PROVIDED DATA:
********************
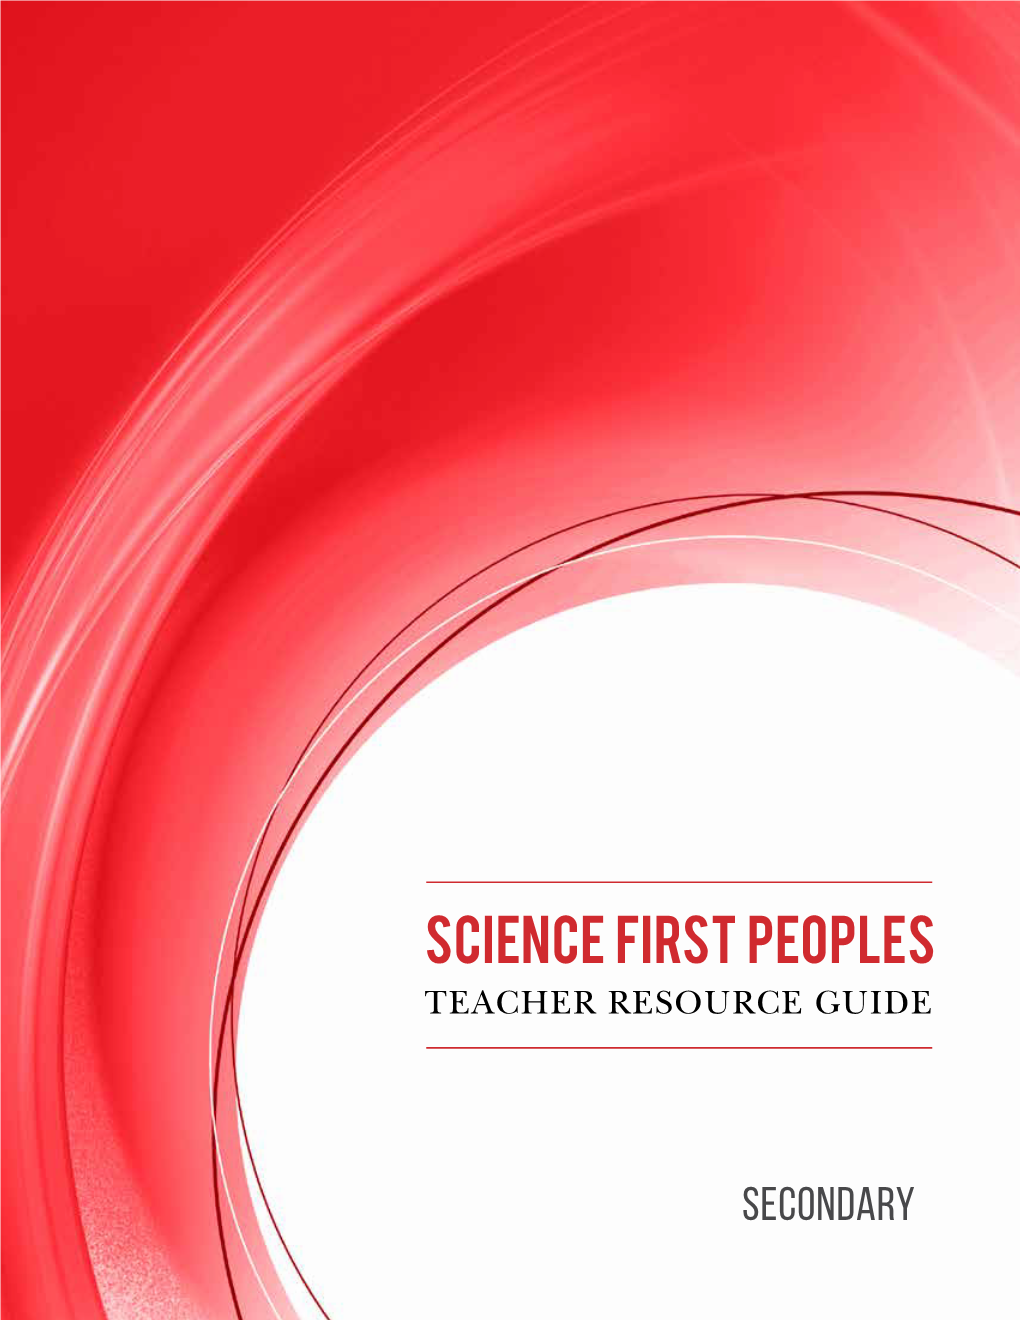 FNESC/FNSA Secondary Science First Peoples Teacher Resource
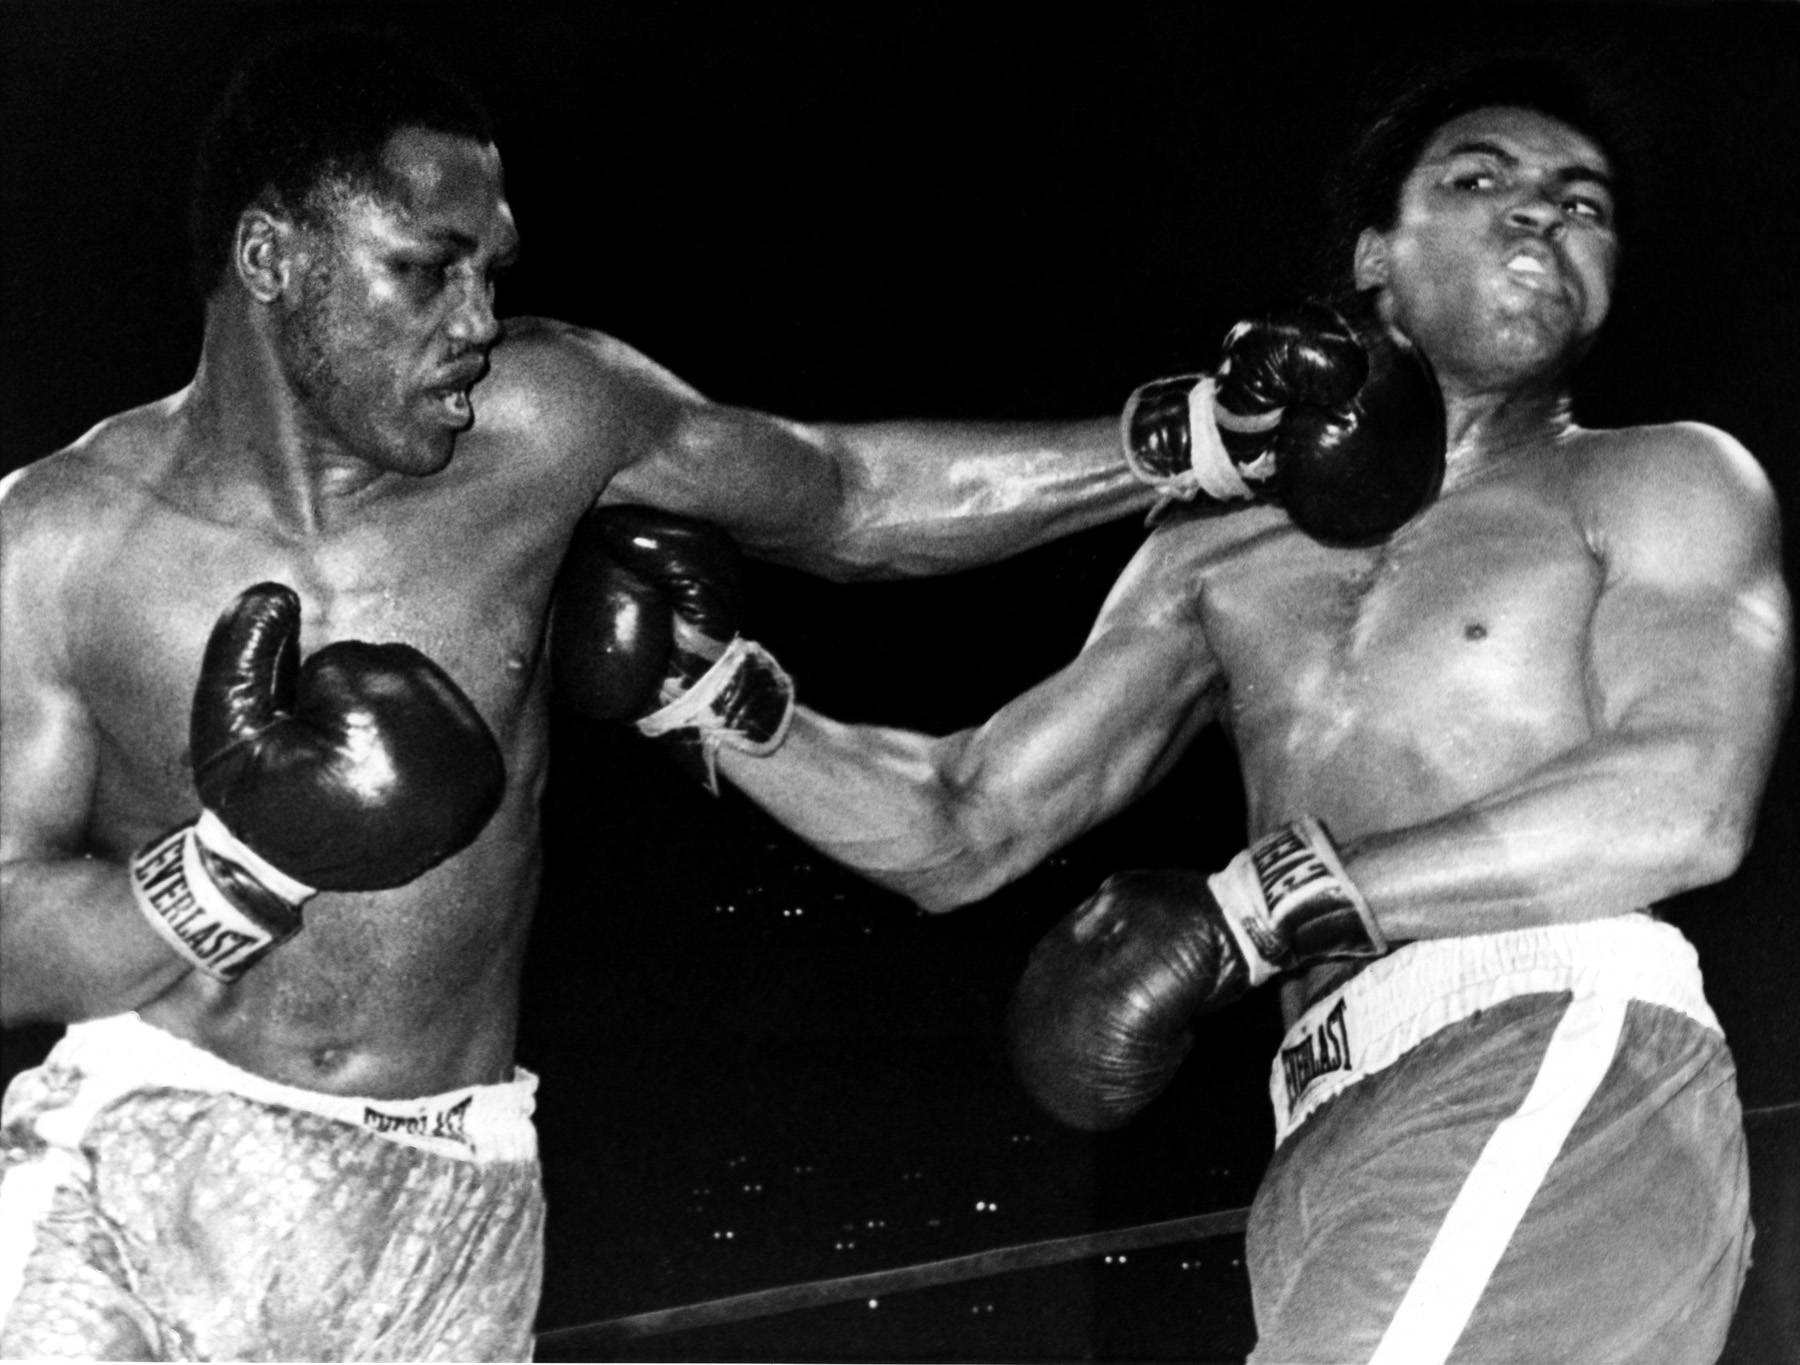 Comeback and the Fight of the Century - After a three-and-a-half year hiatus, Ali returned to the ring in 1970. The next year, in what has been hailed as “The Fight of the Century,” Ali took on legendary opponent Joe Frazier. After 15 rounds, Frazier scored a knockout, taking down the former heavyweight champion. The two would meet again in 1974, in which Ali would be the victor.&nbsp;(Photo: B Bennett/Getty Images)
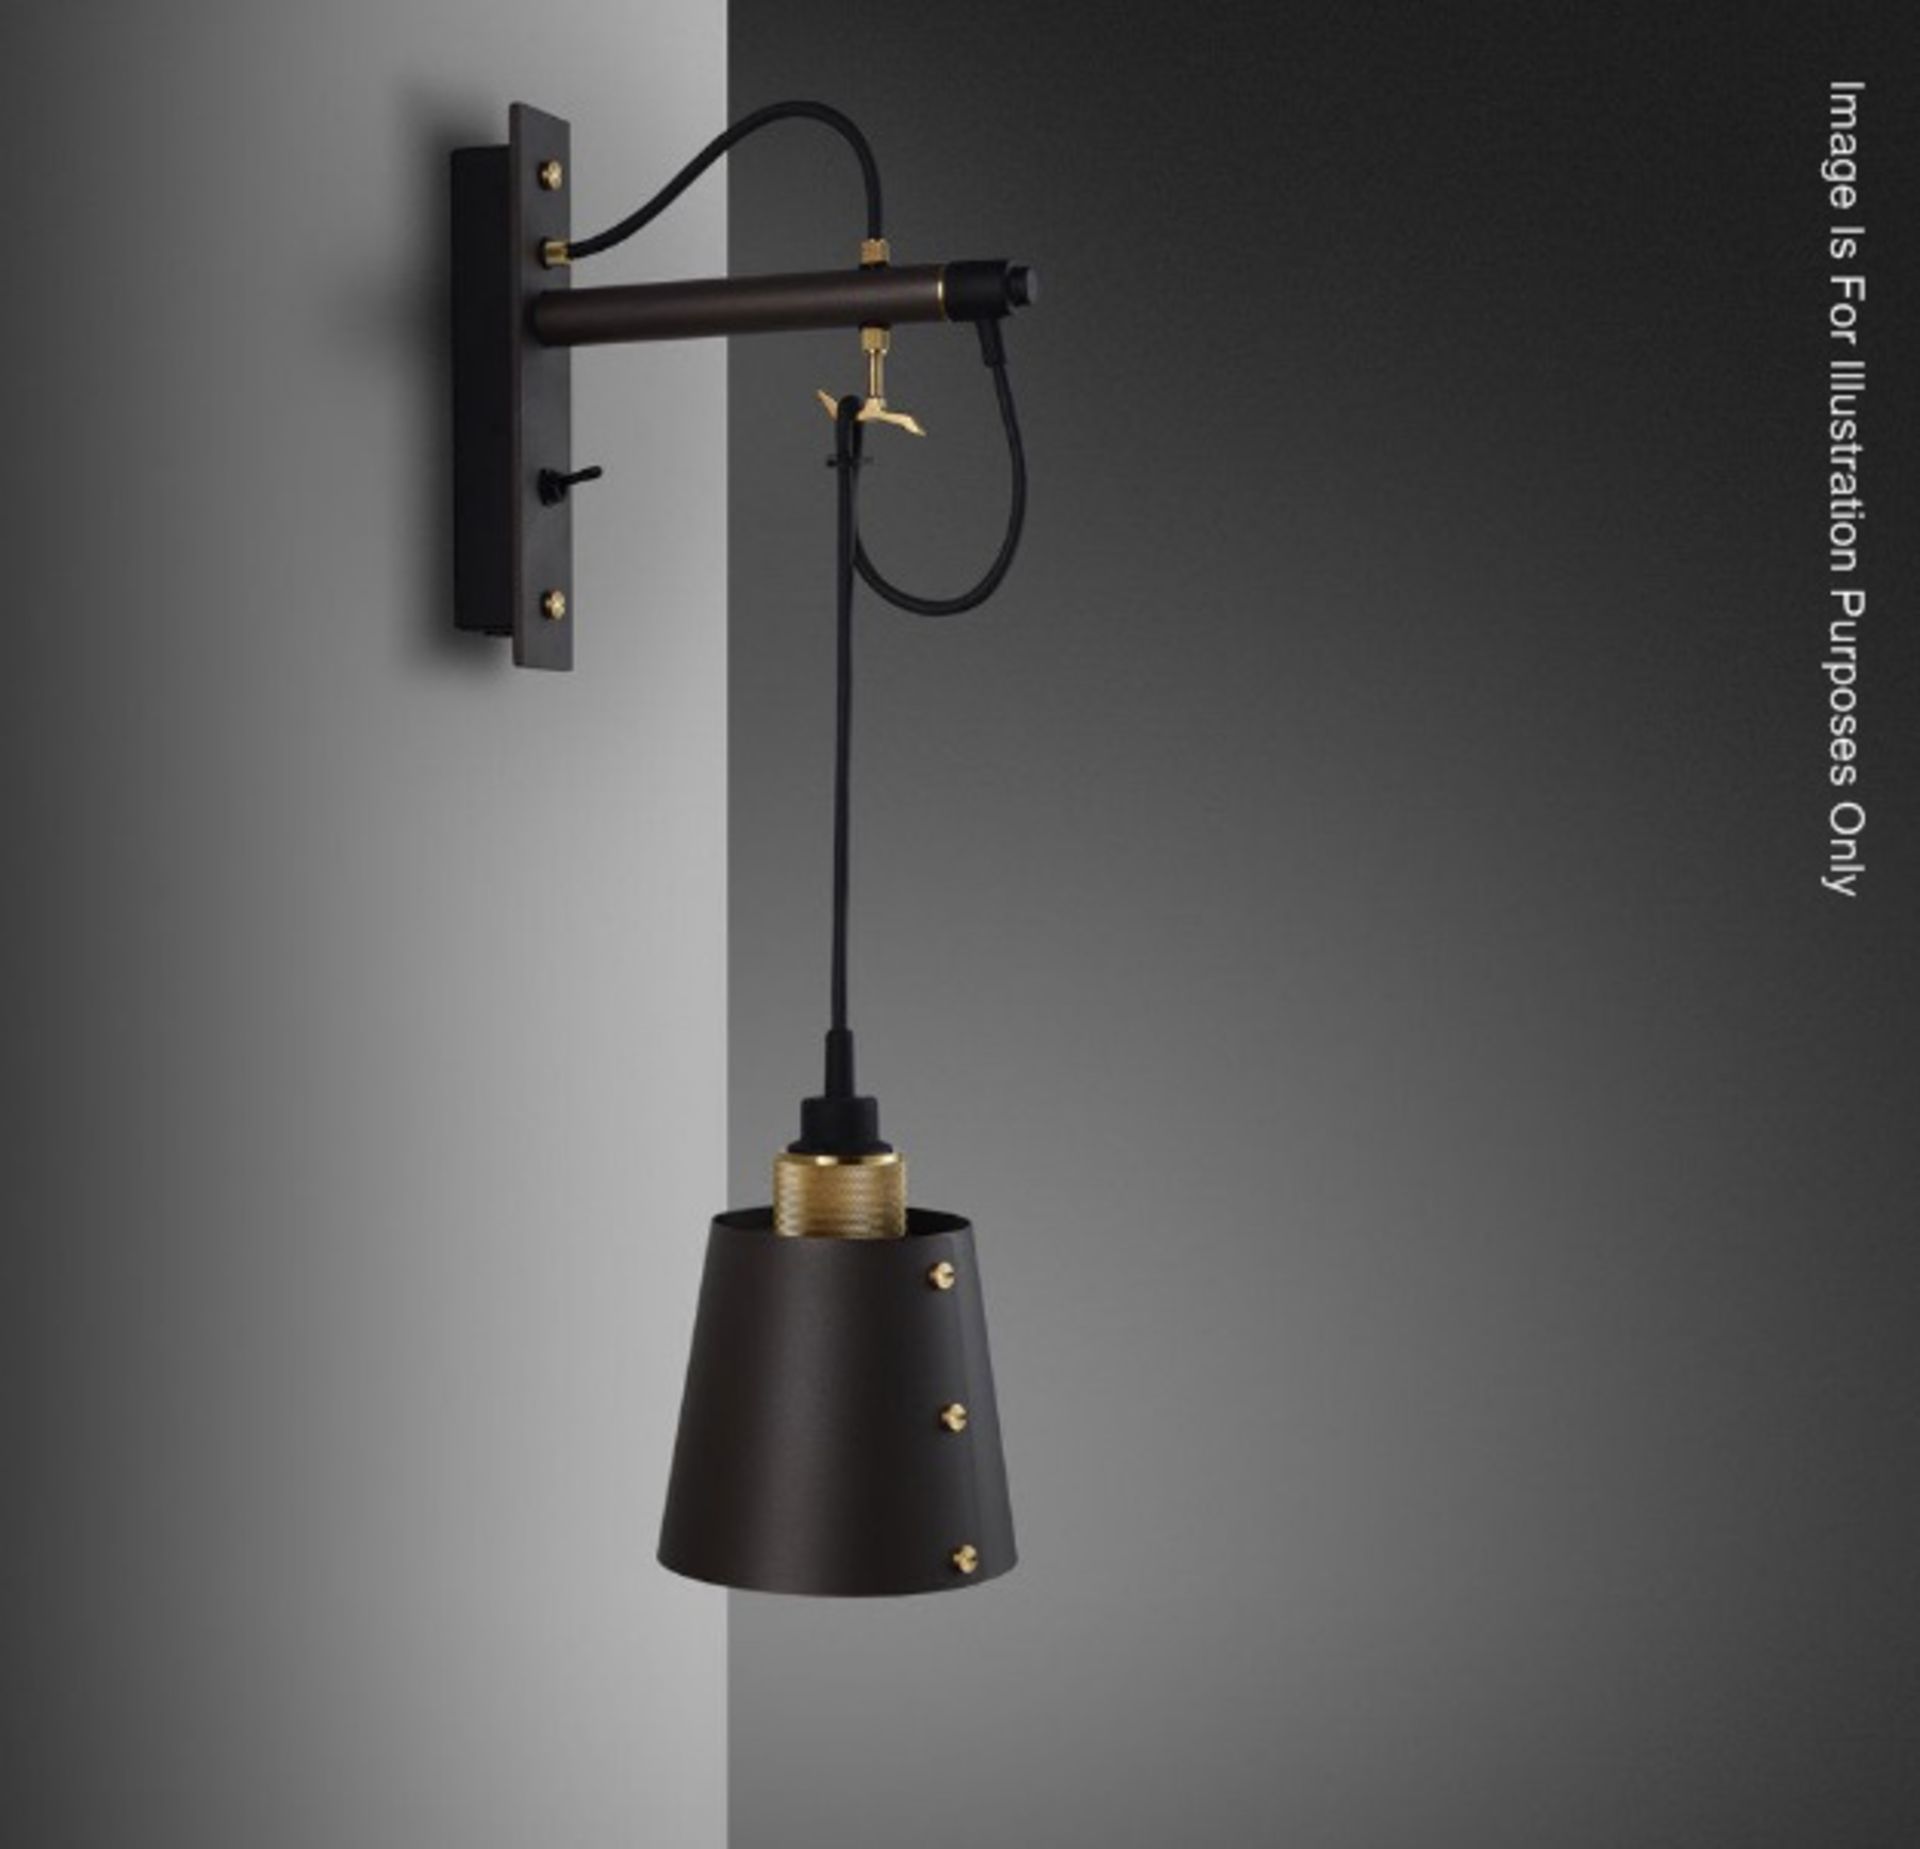 1 x BUSTER + PUNCH Hooked Wall Light With Metal Shade - Ref: WS/FF160F - CL204 - Location: London Ci
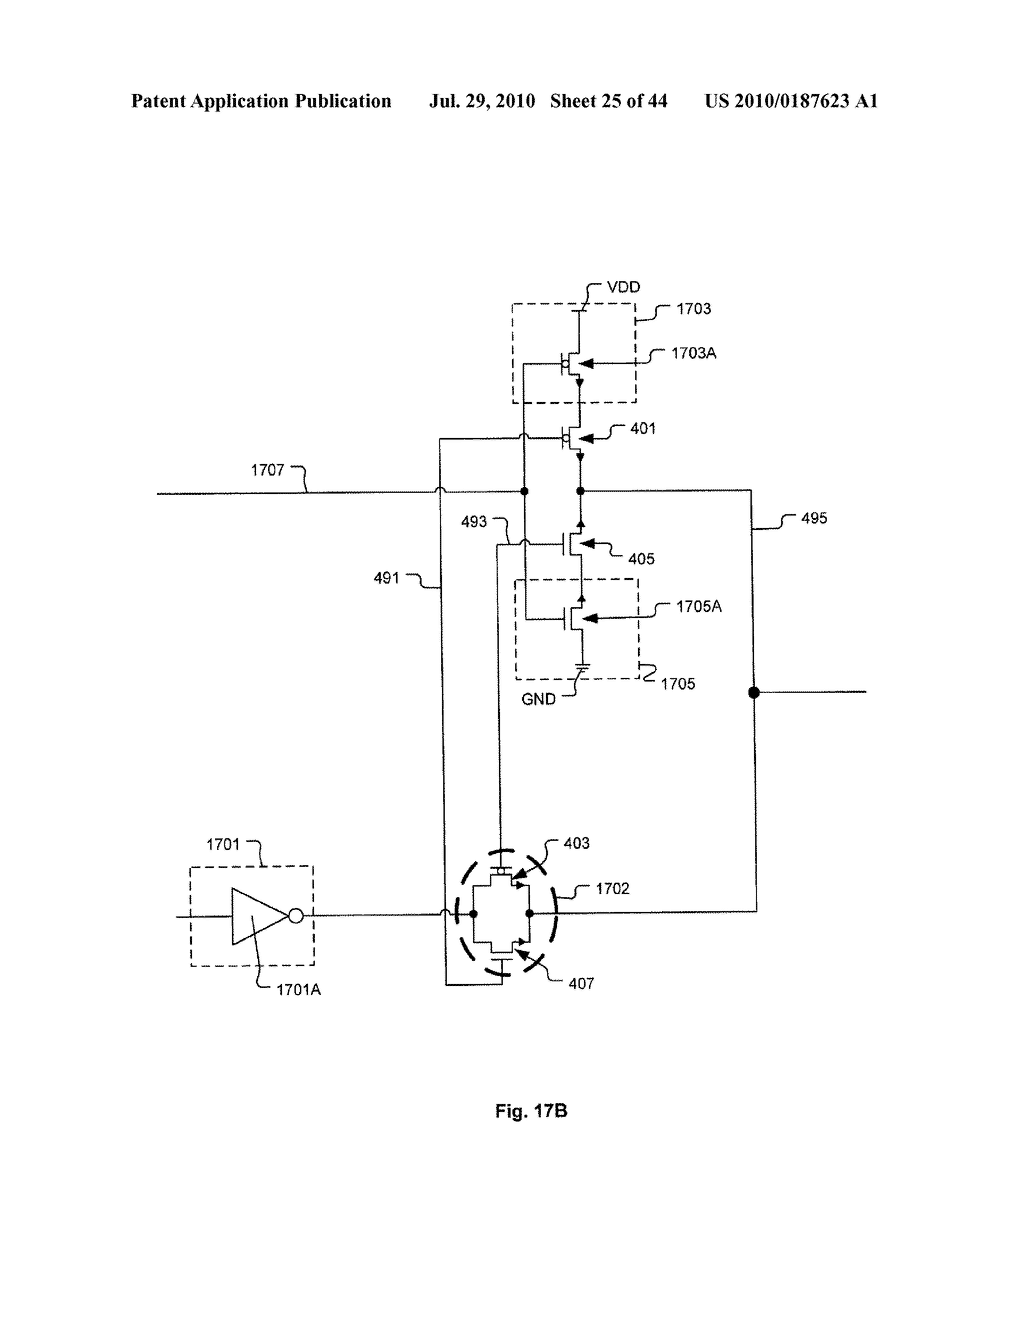 Linear Gate Level Cross-Coupled Transistor Device with Cross-Coupled Transistors Defined on Two Gate Electrode Tracks with Crossing Gate Electrode Connections - diagram, schematic, and image 26
********************
ASSIGNMENT: Skip the pictures, please, and transcribe only the lines from the beginning of the material through the one that contains "1 x BUSTER +".

THE COMPLETED TASK:
 FNESC/FNSA Secondary Science First Peoples Teacher Resource
 Comeback and the Fight of the Century - After a three-and-a-half year hiatus, Ali returned to the ring in 1970. The next year, in what has been hailed as “The Fight of the Century,” Ali took on legendary opponent Joe Frazier. After 15 rounds, Frazier scored a knockout, taking down the former heavyweight champion. The two would meet again in 1974, in which Ali would be the victor.&nbsp;(Photo: B Bennett/Getty Images)
 1 x BUSTER + PUNCH Hooked Wall Light With Metal Shade - Ref: WS/FF160F - CL204 - Location: London Ci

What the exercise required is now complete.